GOITIA V. CAMPOS RUEDA
F: This is an action for support by G (wife) against R (husband). After 1 mo. of marriage, R repeatedly
demanded from G to perform "unchaste and lascivious acts on R's genitals." Bec. of G's refusal, R maltreated G
by word and deed, inflicting bodily injuries on G. To escape R's lewd designs and avoid further harm, G left the
conjugal home and took refuge in her parent's house. G filed an action for support w/ the trial court. this was
dismissed on the ground that R could not be compelled to give support if G lived outside of the conjugal home,
unless there was legal sep. G appealed.
HELD: Marriage is something more than a mere contract. It is a new relation, the rights, duties, and obligations
of w/c rest not upon the agreement of the parties but upon the general law w/c defines and prescribes those
rights, duties, and obligations. Marriage is an institution, in the maintenance of w/c in its purity the public is
deeply interested. It is a relation for life and the parties cannot terminate it at any shorter period by virtue of
any contract they may make. The reciprocal rights arising from this relation, so long as it continues, are such
as the law determines from time to time and none other. When the legal existence of the parties is merged into
one by marriage, the new relation is regulated and controlled by the state or govt upon principles of public
policy for the benefit of society as well as the parties. And when the object of a marriage is defeated by
rendering its continuance intolerable to one of the parties and productive of no possible good to the
community, relief in some way should be obtainable.

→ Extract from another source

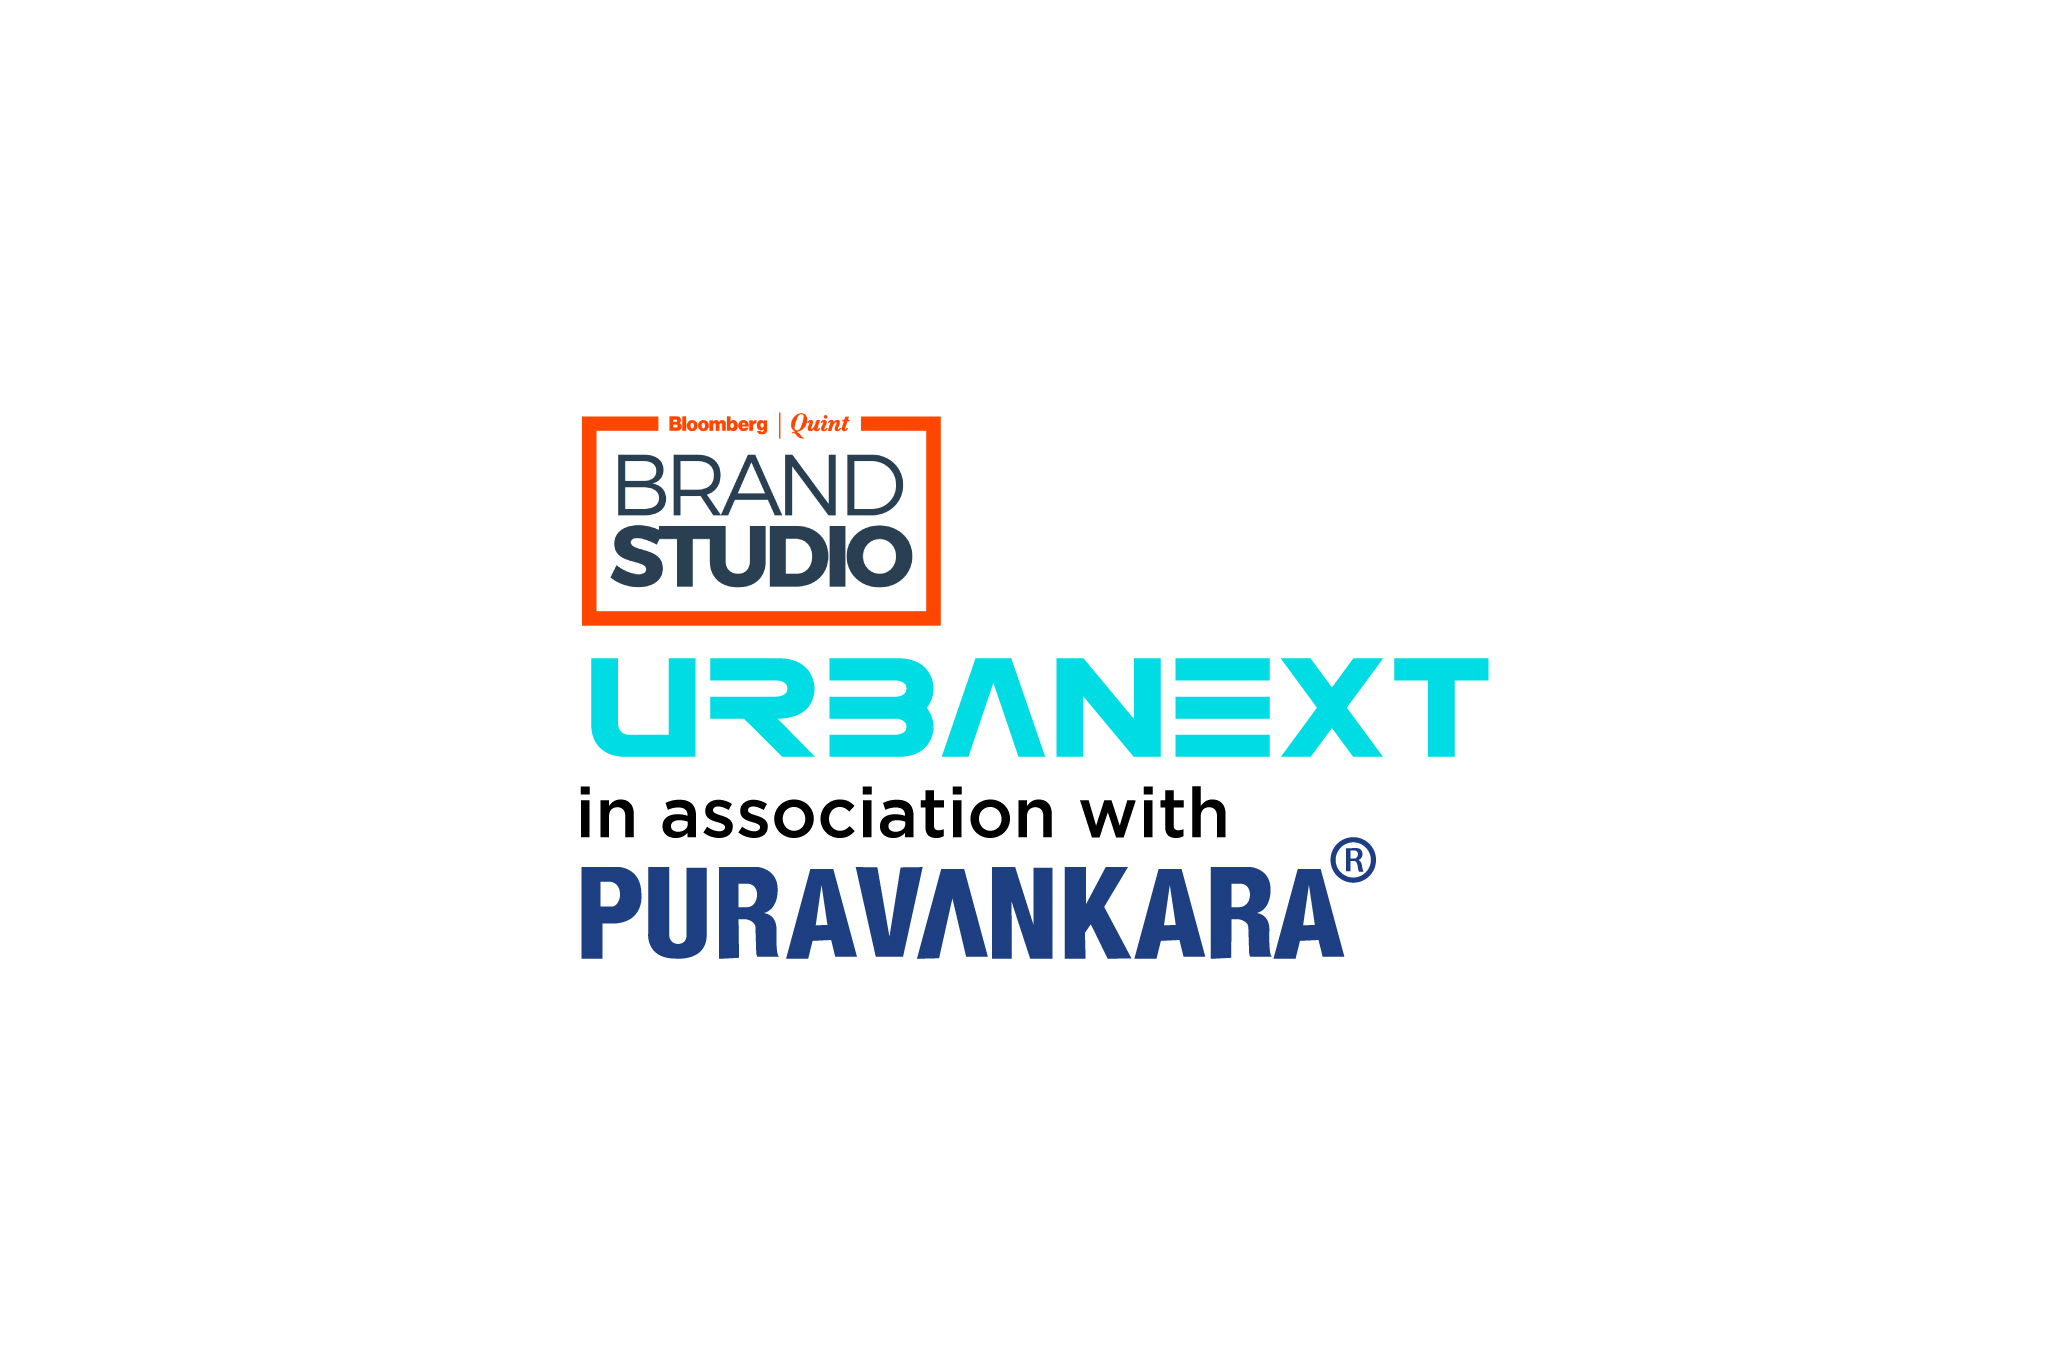 UrbaNext (by Puravankara)

The law provides that the H, who is obliged to support the wife, may fulfill this obligation either by paying her a
fixed pension or by maintaining her in his own home at his option. However, the option given by law is not
absolute. The law will not permit the H to evade or terminate his obligation to support his wife if the wife is
driven away from the conjugal home bec. of the H's own wrongful acts. In this case, where the wife was forced
to leave the conjugal abode bec. of the lewd designs and physical assaults of the H, the W may claim support
from the H for separate maintenance even outside of the conjugal home.